The key insight? Early detection matters. By stopping as soon as we hit 100% quality (using "early exit" shortcuts), we avoid wasting time and money on videos that are already perfect.
Why Prompt Enhancement Beats Post-Processing
We initially tried fixing videos after they were generated—applying filters, smoothing out glitches, fixing frames. But we quickly realized:
Post-processing can't fix fundamental problems—if the model misunderstood what you wanted, filters won't help
Improving prompts fixes the root cause—each new generation starts from a better understanding
Improvements build on each other—iteration 2 learns from iteration 1, iteration 3 learns from both
However, Recurser isn't a magic bullet. It works best when:
✅ You have a clear creative vision (even if initial execution is flawed)
✅ You're willing to wait for iterative improvement (2-5 minutes per iteration)
✅ Quality threshold is well-defined (we target 100% but you can customize)
It's less effective when:
❌ The original prompt is fundamentally wrong (no amount of iteration fixes a broken concept)
❌ You need instant results (real-time generation isn't possible with iteration)
❌ Cost is prohibitive (each iteration costs generation + analysis API calls)
Key Design Decisions
1. Separation of Detection and Generation
We deliberately kept AI detection (TwelveLabs) separate from video generation (Veo2). This wasn't just a technical choice—it was strategic:
Works with any generator: Switch from Veo2 to Veo3 (or any future model) without changing how we detect problems
Cost control: Detection is cheaper than generation, so we can afford to check thoroughly
Independent scaling: Scale detection and generation separately based on what's slow
2. Comprehensive Detection Over Speed
We prioritize thorough detection over speed optimizations. Here's our approach:
Marengo Comprehensive Check: We check all 15 categories to ensure thorough detection. We previously had an early exit heuristic that stopped after 8 searches (more than half) if zero problems were found, but we removed it to guarantee we never miss subtle artifacts that might only appear in later categories. While this means perfect videos make 15 API calls instead of 8, the trade-off is worth it for accuracy.
Pegasus Skip: If Marengo finds nothing across all 15 categories, skip expensive Pegasus analysis entirely. This is still our biggest optimization—skipping analysis when no problems are found.
Completion Checks: Every 5 searches, verify if video already completed (parallel processing can mark videos complete early)
This means videos that start at 100% quality complete faster than videos with issues, since we skip Pegasus analysis when no indicators are found, but we still check all 15 categories to be certain.
3. Real-time Feedback Without WebSockets
We couldn't use WebSockets (Vercel doesn't support them), so we built a polling system that checks for updates frequently—it feels real-time:
Global Log Buffer: 200-entry rolling buffer captures all backend activity
Smart Polling: 1-second intervals with connection management and buffer delays
Noise Filtering: Remove repetitive API calls from logs, highlight important events
The result?
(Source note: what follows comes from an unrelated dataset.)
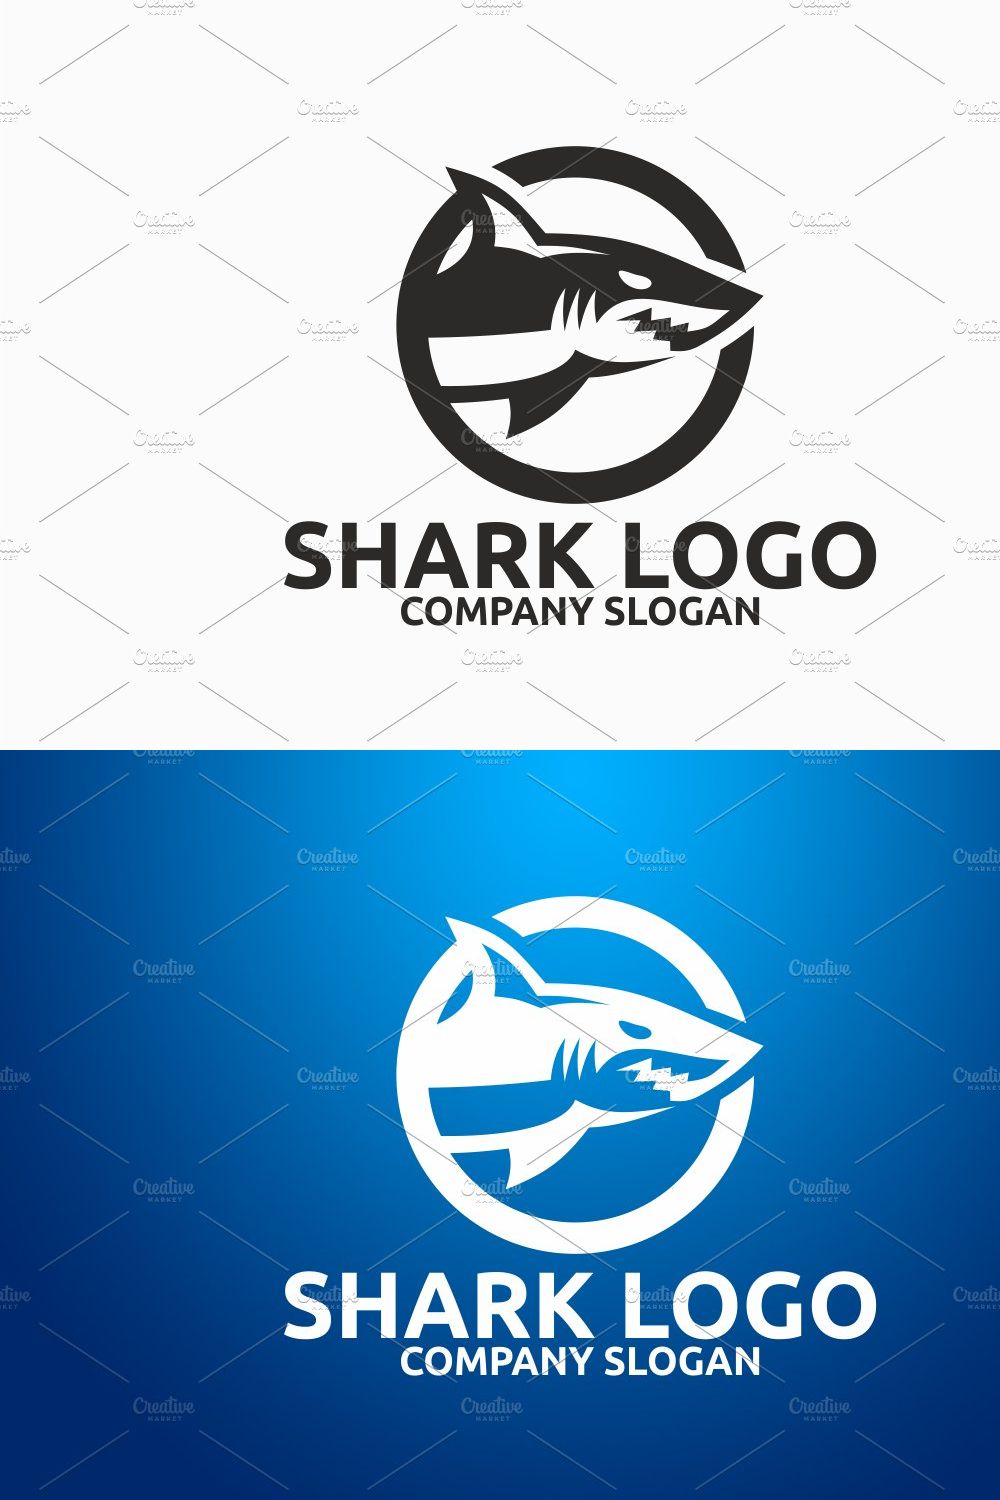 Shark Logo pinterest preview image.

Users see updates within 1-2 seconds, even without true streaming.
4. Graceful Degradation Over Perfect Reliability
We prioritized "keep going even if something breaks" over "never break." Why? Because AI services sometimes fail—rate limits, timeouts, temporary outages. But users shouldn't lose their progress:
Pegasus Failures: Continue with backup analysis, log the failure, finish anyway
API Rate Limits: Clear error messages, wait and retry, pick up where we left off
Partial Failures: If 14 out of 15 searches succeed, use those results and continue
The philosophy: A partial result is better than no result.
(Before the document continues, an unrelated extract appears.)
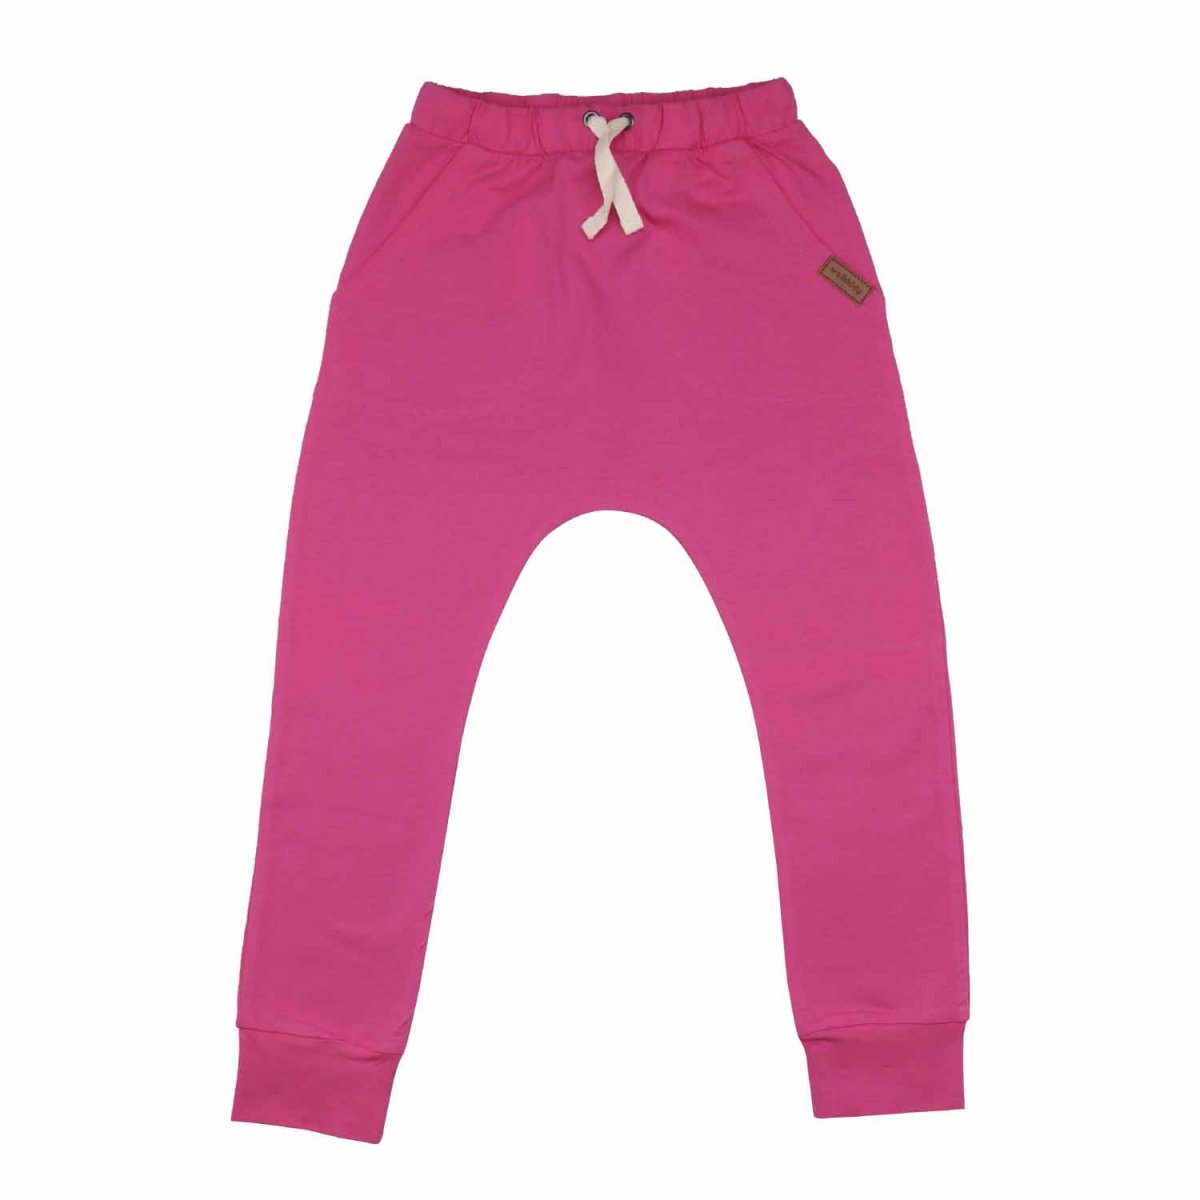 Pantaloni Baggy rosa scuro per bambine in cotone biologico

Performance Engineering: What We Learned
Building Recurser taught us a lot about making AI systems faster. Here's what actually made a difference:
The 80/20 Rule Applied to AI Pipelines
We spent 80% of our optimization effort on three things:
Conditional Pegasus: Skipping Pegasus analysis when Marengo finds 0 indicators saves ~$0.05 per video and 30+ seconds. This is our biggest optimization—if no problems are found in the search phase, we skip the expensive analysis phase entirely.
Smart Search Batching: Checking completion status every 5 searches instead of every search reduced database queries by 15x. But more importantly, it let us update completion status in the background without slowing down searches.
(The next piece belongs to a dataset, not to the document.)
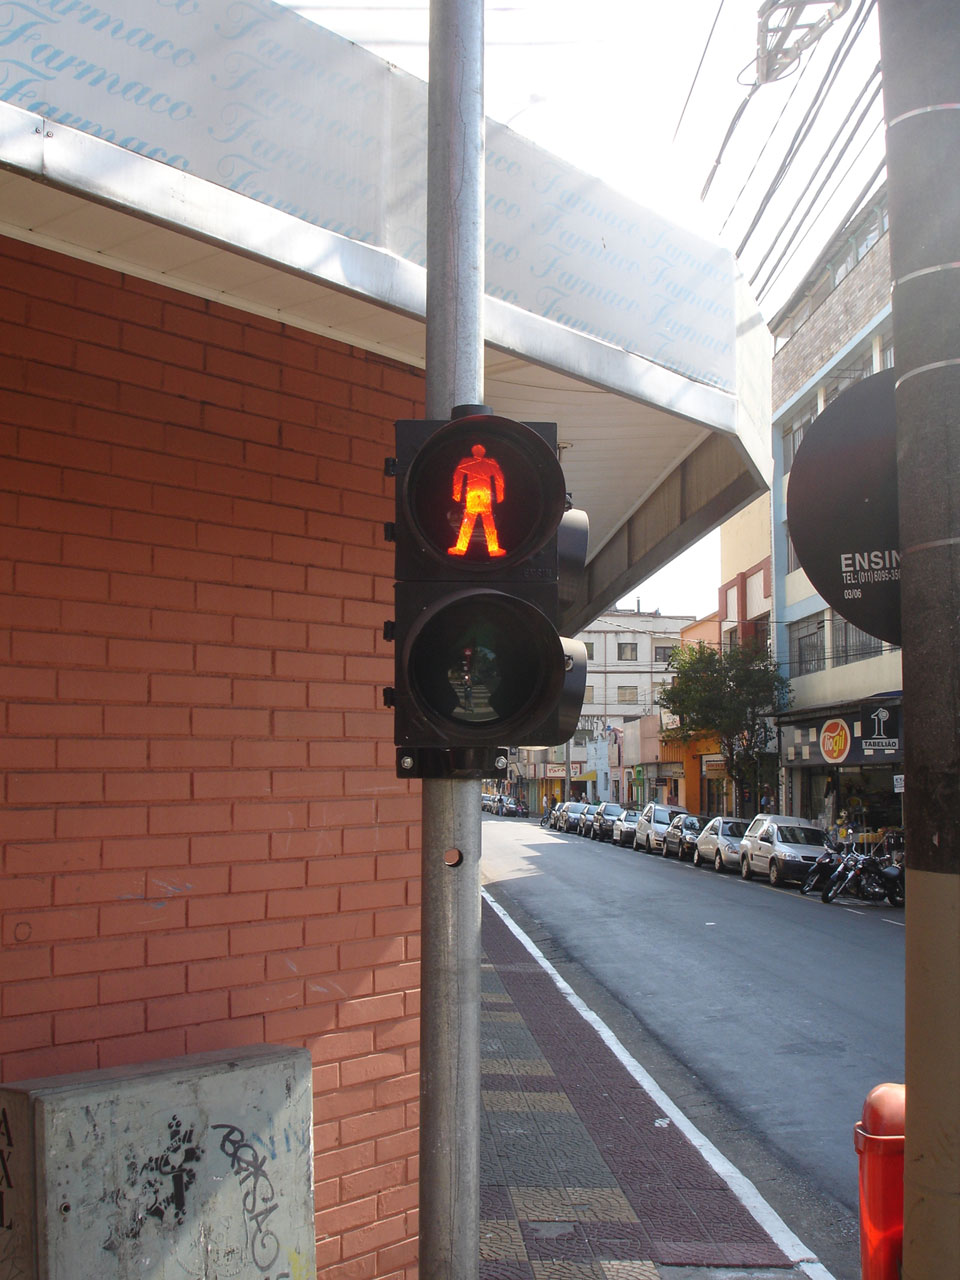 Pedestrian Signal stop

Comprehensive Detection: We check all 15 categories instead of using an early exit heuristic. While this means perfect videos make 15 API calls instead of 8, it ensures we never miss subtle artifacts. The trade-off is worth it for accuracy.
What Didn't Work (And Why)
We tried several optimizations that didn't pan out:
Parallel Search Queries: We tried running all 15 search categories at the same time, but hit rate limits. Doing them sequentially was more reliable.
Caching Analysis Results: We tried saving Pegasus analysis results for similar videos, but each video was too different to reuse results.
Frame Sampling: We tested analyzing only some frames to save time, but missed problems that only show up over time. Full analysis was worth it.
Frontend: A Hidden Performance Bottleneck
The frontend isn't just a UI—it's a real-time monitoring system. Our optimizations:
Rolling Logs: Fixed memory leaks from unbounded log arrays (we hit 10,000+ entries in testing)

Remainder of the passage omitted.